(WHAT THE EXERCISE ASKS): Produce one exact copy of the records, no pictures.

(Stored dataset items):
= Beginning of Section =

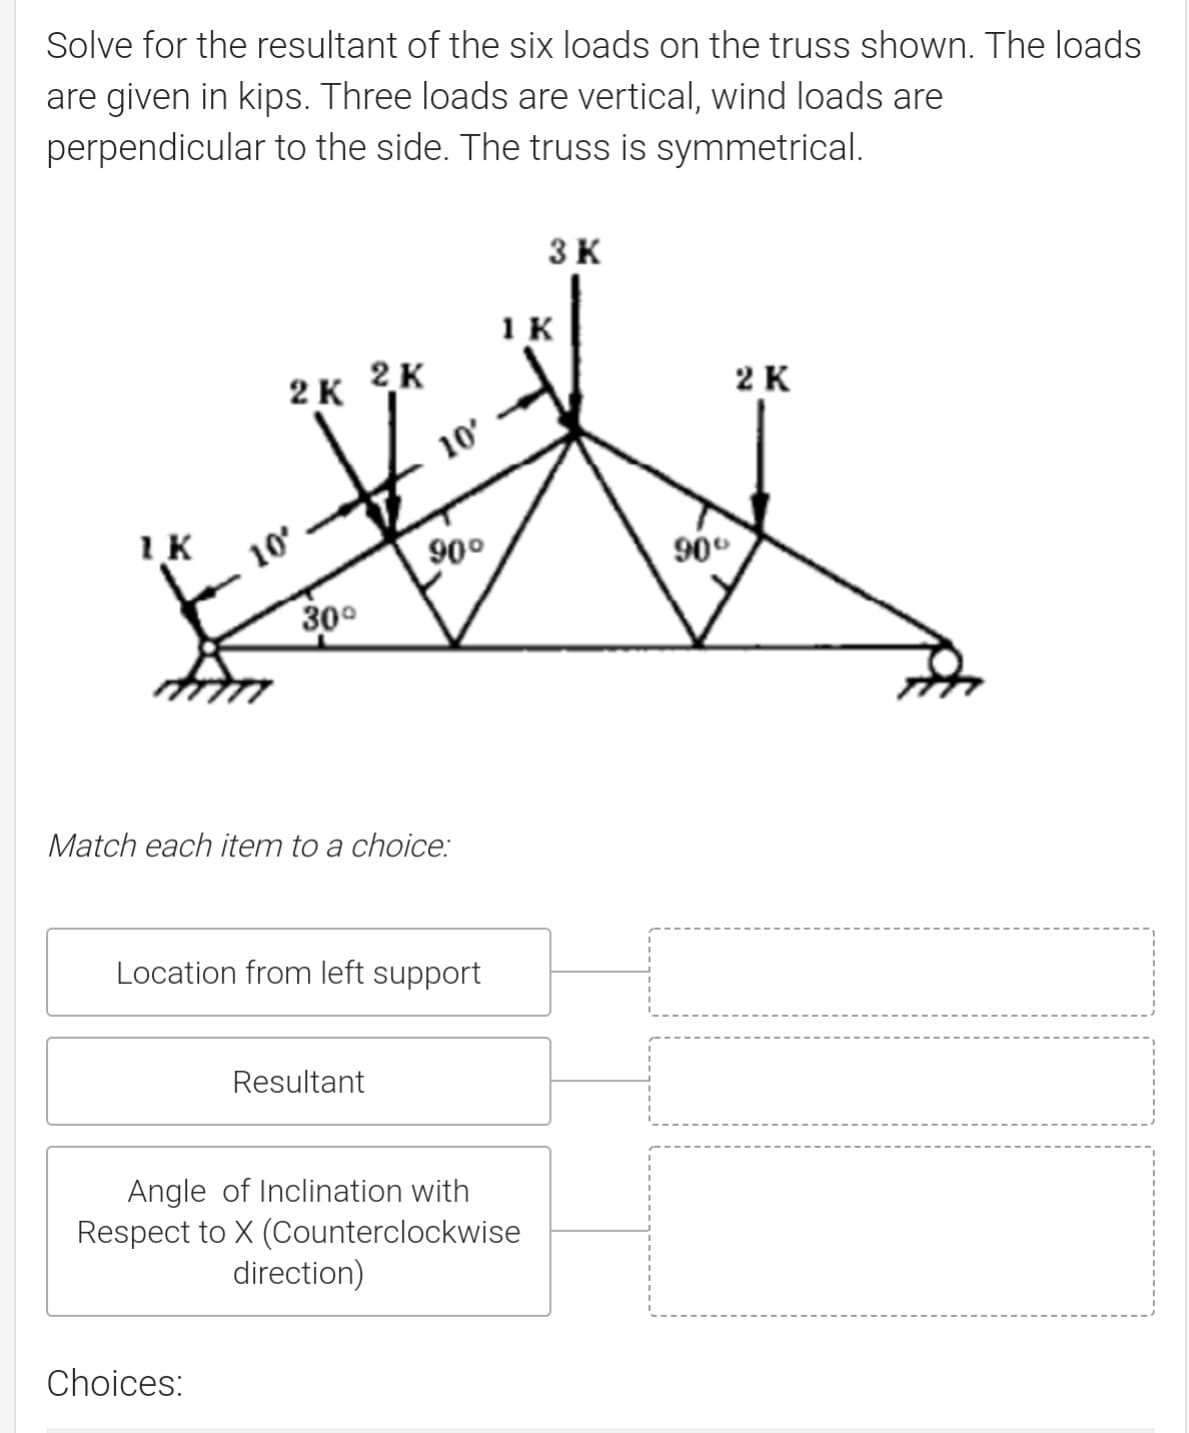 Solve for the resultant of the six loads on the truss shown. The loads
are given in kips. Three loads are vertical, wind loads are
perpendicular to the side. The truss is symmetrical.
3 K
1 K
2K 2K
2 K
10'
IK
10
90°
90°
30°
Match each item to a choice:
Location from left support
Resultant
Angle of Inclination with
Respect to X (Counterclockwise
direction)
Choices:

= End of Section =

(RESULT):
 Solve for the resultant of the six loads on the truss shown. The loads
are given in kips. Three loads are vertical, wind loads are
perpendicular to the side. The truss is symmetrical.
3 K
1 K
2K 2K
2 K
10'
IK
10
90°
90°
30°
Match each item to a choice:
Location from left support
Resultant
Angle of Inclination with
Respect to X (Counterclockwise
direction)
Choices:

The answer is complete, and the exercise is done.